Now, if you say "inferior" because it is resistive, well, that is not the case. Resistive has been adopted because the user cases for the N900 see it suitable; AND reports from people that has actually used the tablet mention it as very sensitive (at the point they couldn't guess if it was capacitive or not) and that the UI has been designed in such a way that the use of a stylus is not needed (but it is there if you want/need it).
If there is a standard computer screen size rule that determines the minimum size acceptable before a company can label a device so, I'm open to it. Link?
If there is a standard computer screen size rule that determines the minimum size acceptable before a company can label a device so, I'm open to it. Link?
Just because a company would like to market something as X doesn't mean it's not Y. In this case, it's a smartphone.
Just because a company would like to market something as X doesn't mean it's not Y. In this case, it's a smartphone.
Well, we know the reasons why Nokia decided to billed it as a mobile computer: its capabilities, specs and designed way of use (almost no portrait mode), and software heritage, between others. Would be interesting to know your parameters to call it a smartphone.

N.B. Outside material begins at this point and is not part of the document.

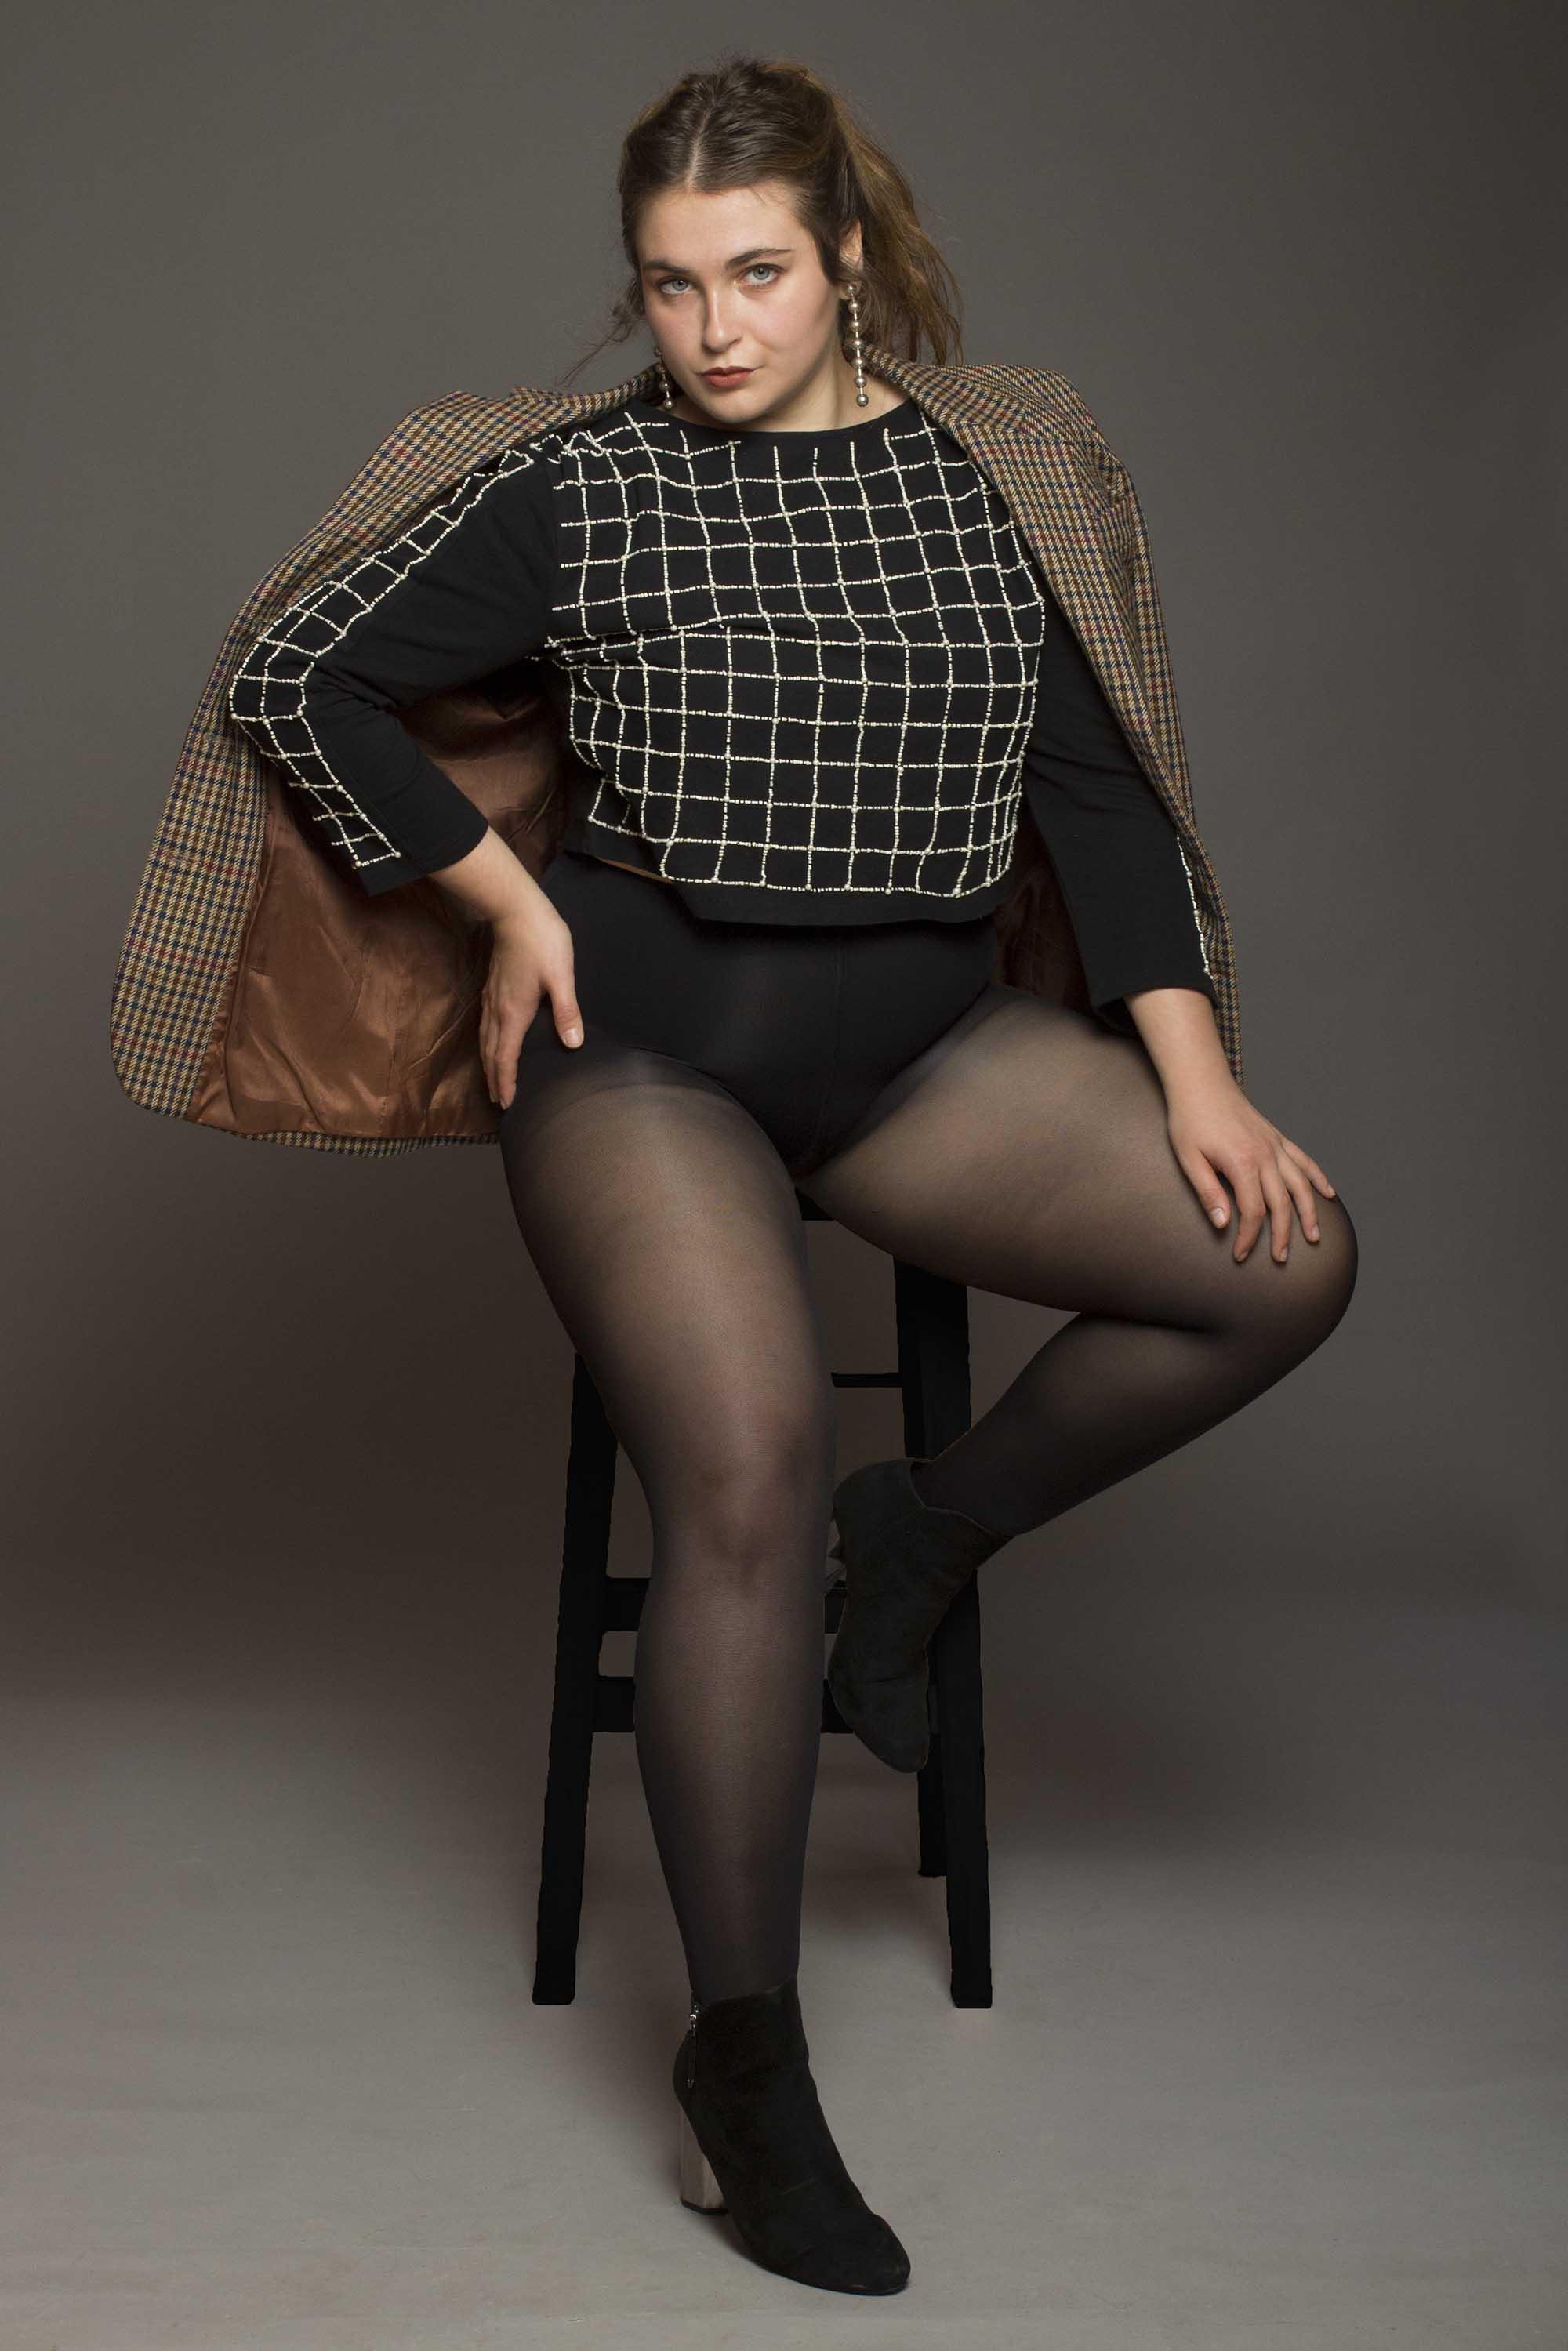 לורן שטרן. צילום: הדר חזן, Fashion Israel-מגזין אופנה ישראלי - 5

For what is worth, I have been showing the info of the N900 to friends with different backgrounds, and none guessed that it could make phone calls. Everyone thought it was a mobile computer (heck they even said "mobile" by themselves).
There's nothing inferior about the N900's screen. Small, yes. Inferior, no. You've never seen a smartphone with a screen like this.
Maemo 5 doesn't feel like a smartphone OS. It feels like the tablet OS with a telephony component added in. The phone capabilities are very much a secondary thing.
Off-topic: and btw, qole has actually used the N900
On-topic: What is needed for the community SSU to happen? I have been reading the threads, but not sure about it. I am getting a bit bored of OS2008 (specially compared to what I read of the N900), but Mer seems a bit far away still... and Android is in the same (N800 with full Android would be very interesting...)
Maemo 5 doesn't feel like a smartphone OS. It feels like the tablet OS with a telephony component added in. The phone capabilities are very much a secondary thing.
Hey, but if *I* decide the phone capabilities are primary, then they are!